Let Me Entertain You: Buzzcocks @ Trocadero 5.14.10

Seeing a band reunited in concert is usually a sure bet.  I say ‘usually’ because I’ve seen some concerts from resurrected bands that were incredible and some that were less incredible.  Was (Not Was), back after 18 years?  Incredible.  Public Image Ltd., back after 15?  Not so much (possibly more on that later).  Though the Buzzcocks have been around in some form since 1989, they still manage to fit themselves into the ‘classic group back together’ circuit.  Down to just two original members, lead singer Pete Shelley and guitarist/singer Steve Diggle, the Buzzcocks have toured on a slightly regular basis, most recently embarking on the “Another Bites” tour, in which the band plays their first two albums (Another Music In A Different Kitchen and Love Bites) in their entirety.  That might seem like a big gimmick aimed to capitalize on the band’s heyday (since returning to the studio in 1993, they’ve released five entertaining but inessential albums), but seeing as how those two albums contain the band’s best material, it can hardly be considered pandering.  The Buzzcocks took their show to the Trocadero, where they were met with immense excitement from their generation-spanning fanbase.
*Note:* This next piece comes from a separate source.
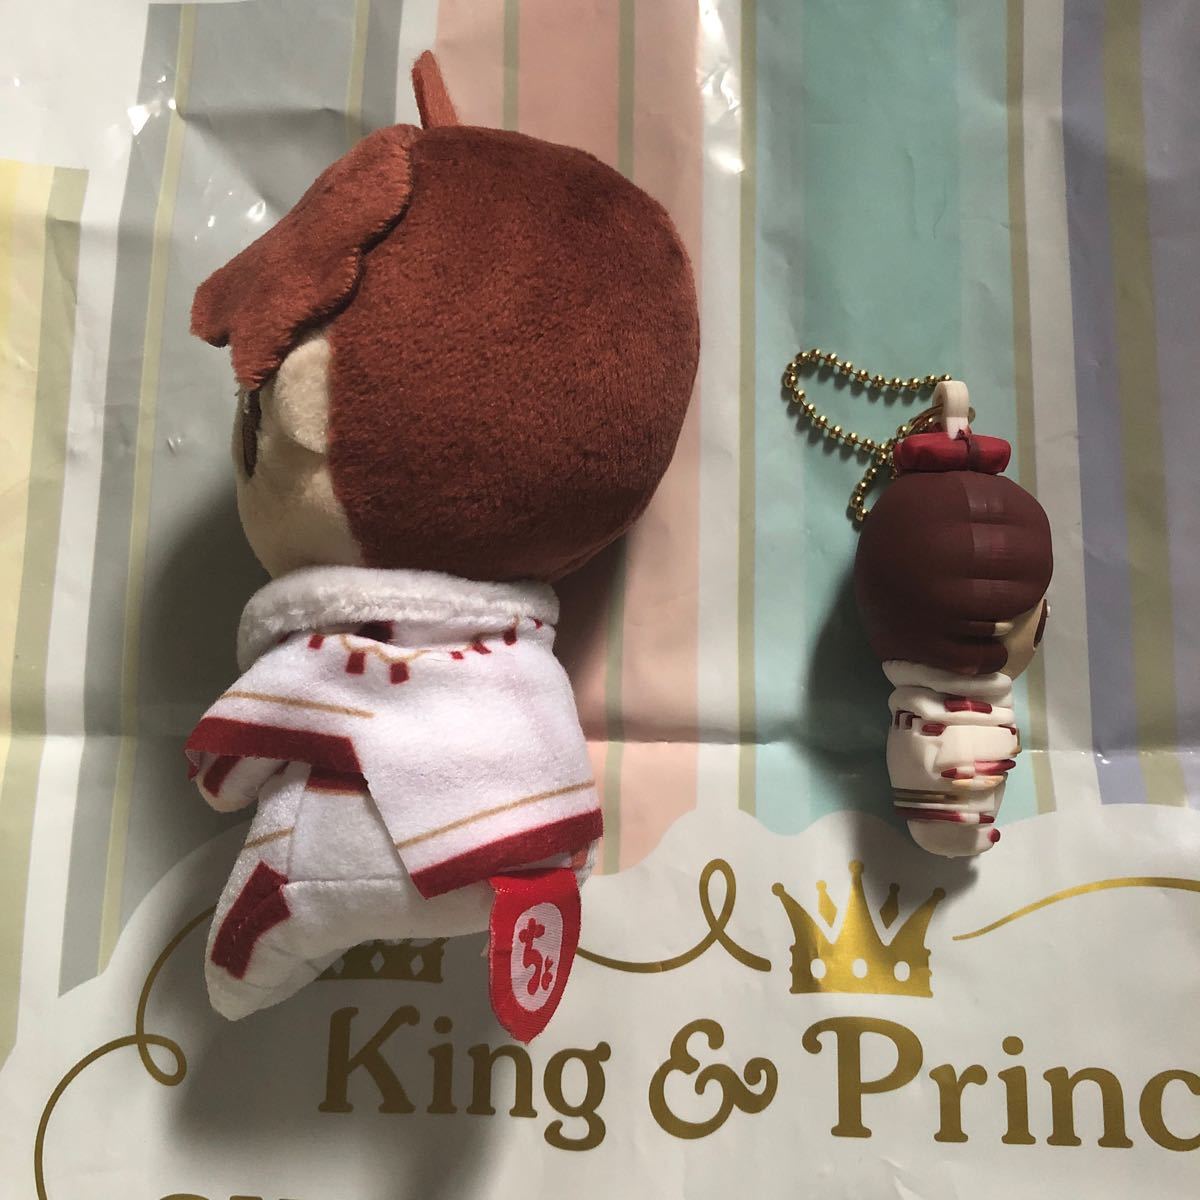 King & Prince キンプリ 平野紫耀さん ちょっこりさん pvcキーホルダー

After two overly long sets from the opening bands, the Buzzcocks took the stage to deafening applause.  Because of the tour’s theme, everyone already knew what the setlist would be like, but there was still a rush of energy when each album’s standout tracks burst forth.  The band was quite loud, but the howling chorus of “Get On Our Own” could be heard resonating through the building.  Favorites like “I Don’t Mind” and “Autonomy” got the crowd bouncing around, but the concert was also a showcase for some of the Buzzcocks’ more unusual song structures.  Even on their debut, they were playing around with time signatures on “Sixteen” and getting experimental with “Moving Away From The Pulsebeat.”  As much as I love them, I’ll be the first to admit that Another Music and Love Bites aren’t too different, musically speaking.  Love Bites does, however, feature one of the Buzzcocks’ biggest songs, “Ever Fallen In Love,” which really got the audience into a frenzy.  After the set was finished, the band came back for a short encore of non-album singles from the two albums’ eras.  “What Do I Get,” “Love You More” and the infamous “Orgasm Addict” brought the night to a furious close.

Pete Shelley and Steve Diggle are both 55 years old.  Though they might look a little road-weary, they still played the hell out of their most beloved songs.  Shelley is the more focused frontman, while Diggle throws some of the more outlandish guitar poses.  Shelly’s high melodic voice and Diggle’s huskier burr contrast and complement each other like a classic double act.  Both men are still hopelessly devoted to playing their music; their passion is admirable and unfortunately sporadic amongst their reunited peers.  I was hoping for at least some selections from the band’s third album, 1979’s more adventurous A Different Kind Of Tension, but I can understand them wanting to adhere to the tour’s eponymous limitations.  The Buzzcocks are one of my favorite bands of the punk era, mostly because their songs weren’t typical to the attitudes of the time.  Instead of writing about anarchy, they wrote about love, found and lost.  Perhaps that’s why this tour, happening almost 35 years after the band’s formation, is so natural and enjoyable.  Nothing about the Buzzcocks’ music is dated, which is why it (like the band itself) has endured.

Click the picture at the top of this post to see more pictures of the Buzzcocks in concert!!


~ by E. on May 19, 2010.

One Response to “Let Me Entertain You: Buzzcocks @ Trocadero 5.14.10”

  1. Based on your review, I have no doubt the show was entertaining, but at age 55, one should be yelling at punks to get off their lawn, not trying to convince your audience you are still one yourself.